172 yds. (White) 206 (Blue) 163 yds. (Red) 167 yds. (Gold)
Hole number 7 is a par three playing from the whites at 172 yards and from the blues 206 yards. While the hole is somewhat downhill and the putting surface is in a slight bowl, reaching this green can become an accomplishment especially when the wind is blowing. Lastly, the par 3 seventh plays most difficult when the pin is set towards the front of the putting surface. It is not uncommon to hit short of the green on the right and allow one’s ball to roll to the green regardless where the pin is.
456 yds. (White) 369 (Blue) 362 yds. (Red) 396 yds. (Gold)
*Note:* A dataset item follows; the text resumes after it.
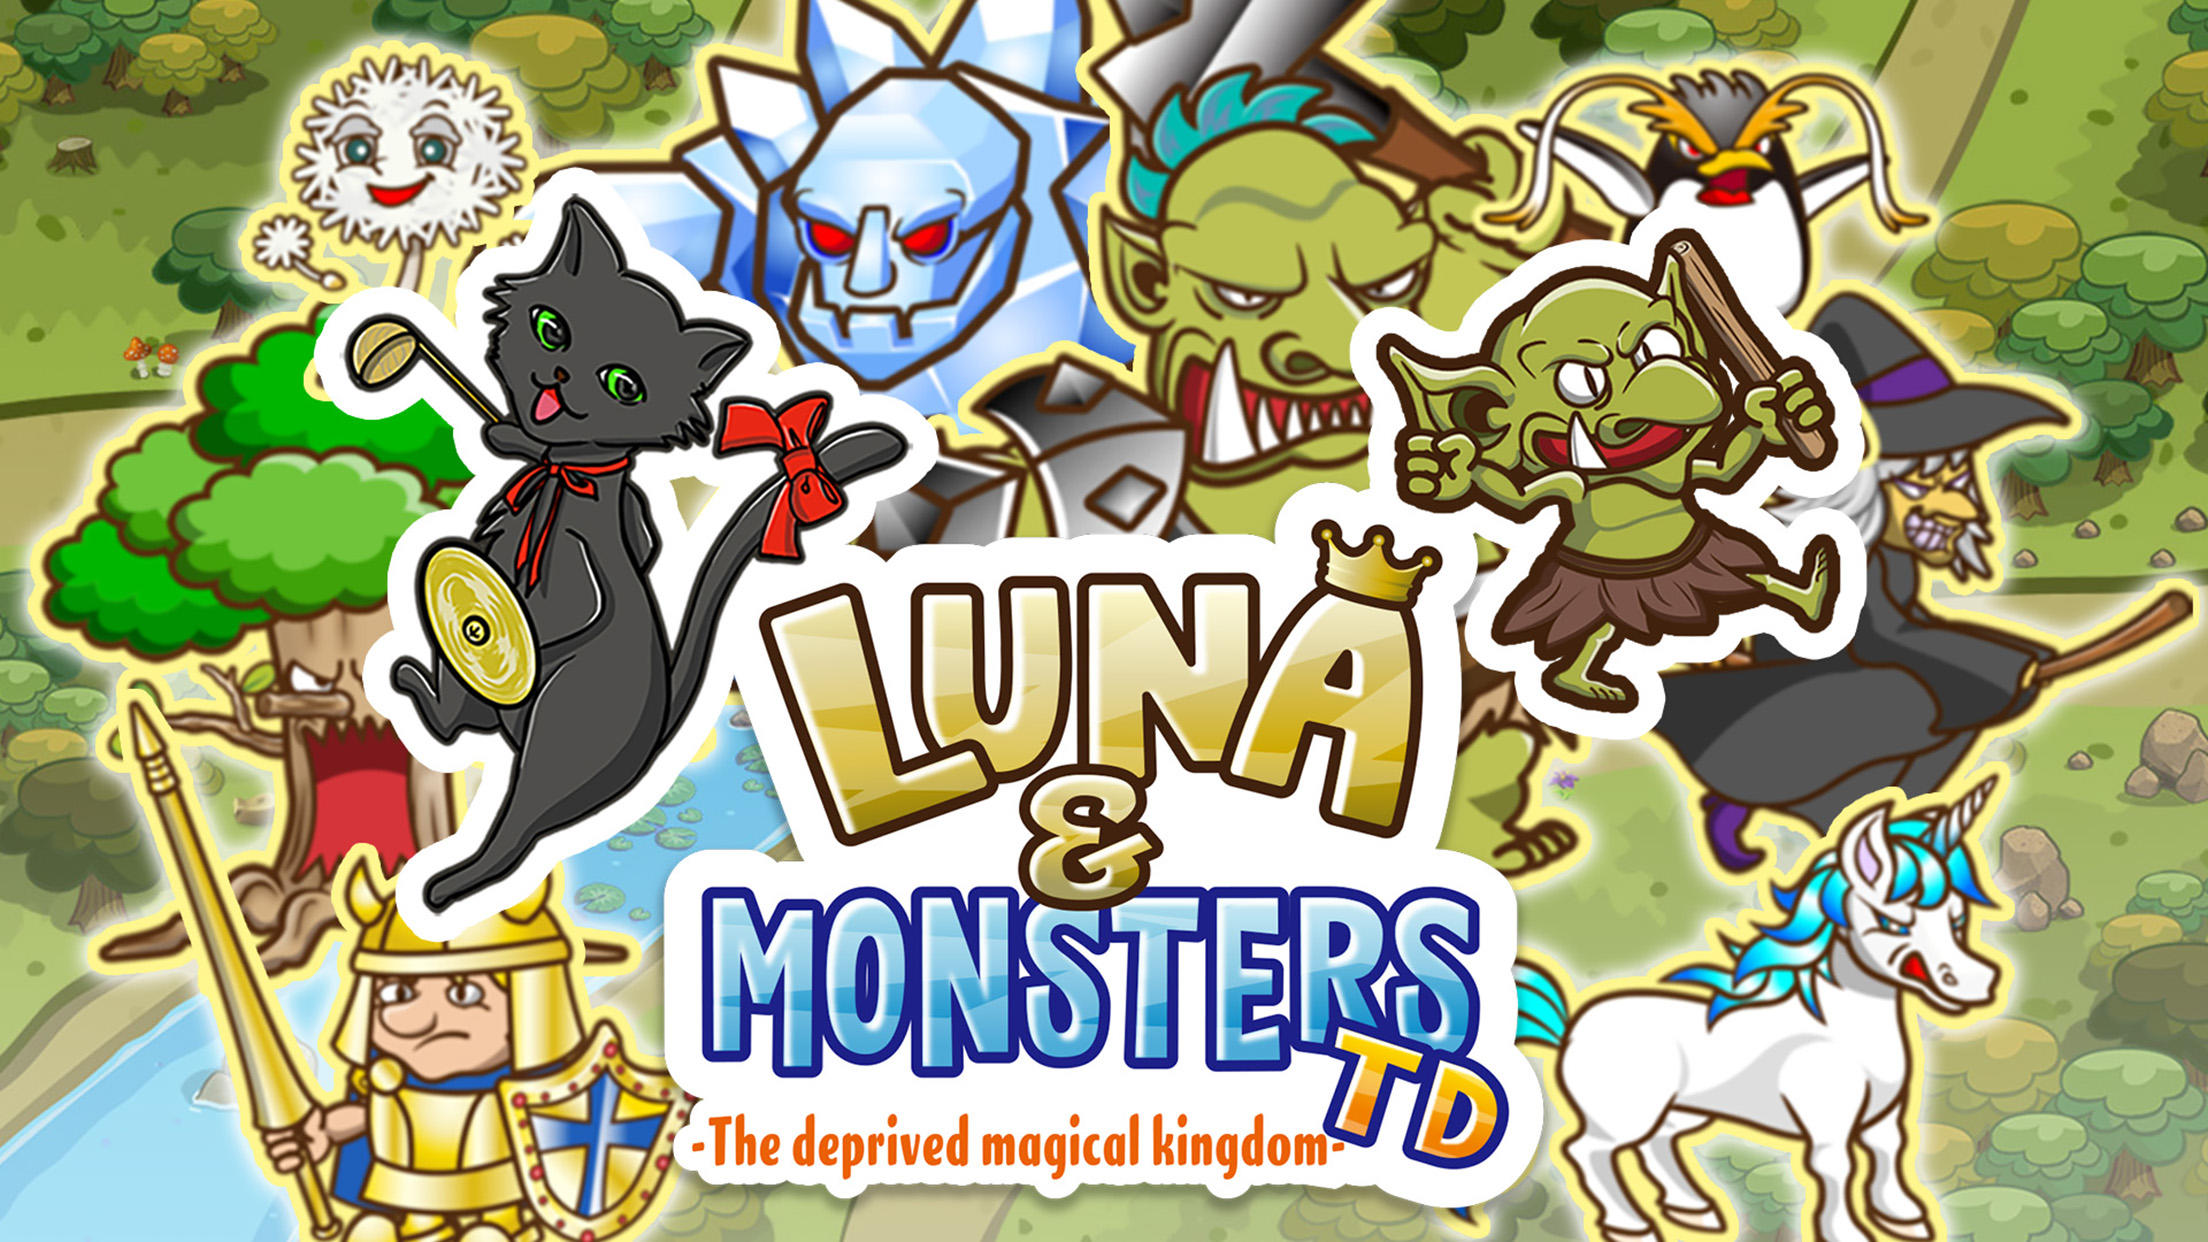 Screenshot 1 of Luna at Monsters Tower Defense 
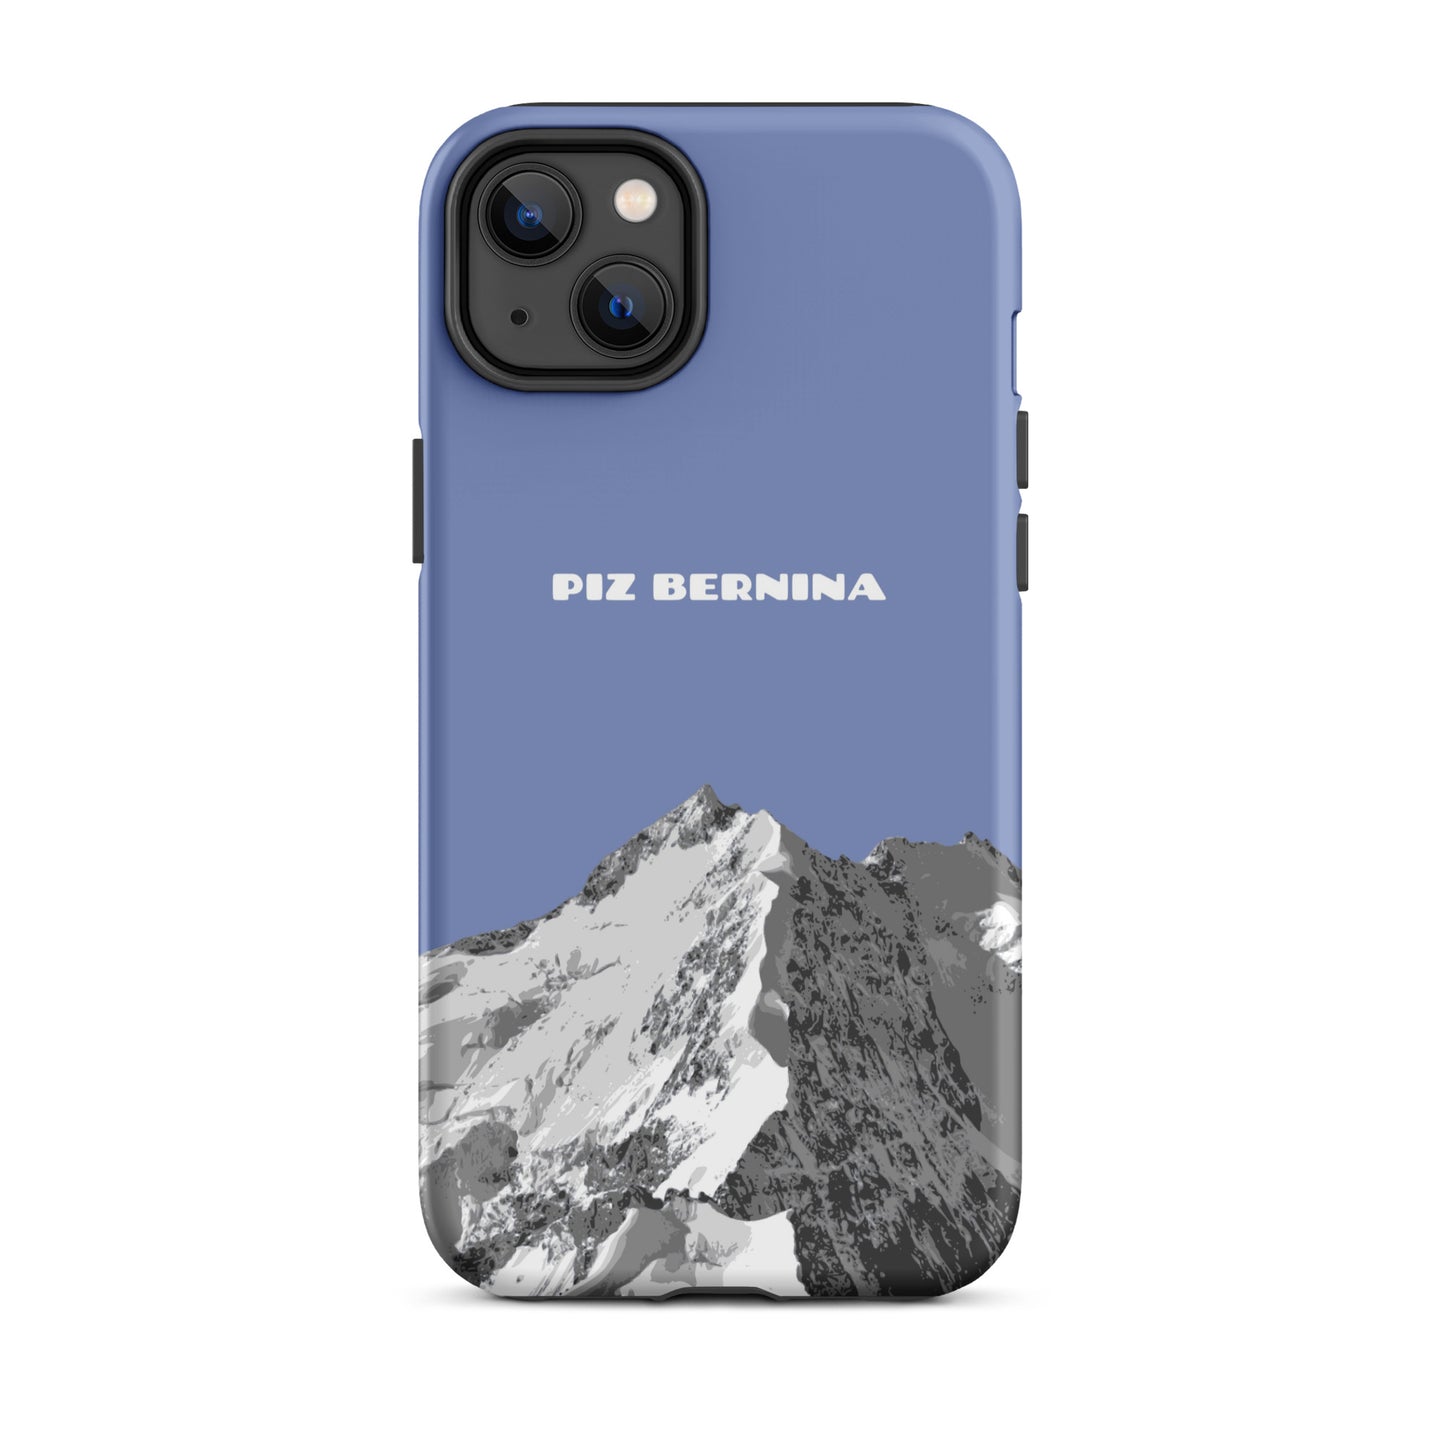 Hülle für das iPhone 14 Plus von Apple in der Farbe Pastellblau, dass den Piz Bernina in Graubünden zeigt.

Hole number 8 is played as both a par 4 at 369 (blue) yards or a par 5 from the white, red or gold tee box. In either case, the yardage is deceptive in that it actually plays longer because it is entirely uphill. A well struck drive, will at most, run for perhaps three to four yards and at times not even that. Whether played as a par four or five it is best to place your drive from center to left side of the fairway. The putting surface is guarded on either side by bunkers.
497 yds. (White) 504 (Blue) 427 yds. (Red) 431 yds. (Gold)
Hole number 9 is a par 5 from all four tee boxes with a dogleg left. A very good finishing hole where the player rarely is putting his third shot. There is out of bounds left; aim for the right center of the fairway otherwise you will have to go over some very high pines at the corner. The large maple tree on the right side of the fairway is locally called the “270 tree”. Get it past that tree and you might be able to put it on in two, assuming you maneuver your ball over the front bunker and can avoid those on both the right and left edges of the green. Once on the green there are severe breaks to the cup depending on where the hole is cut.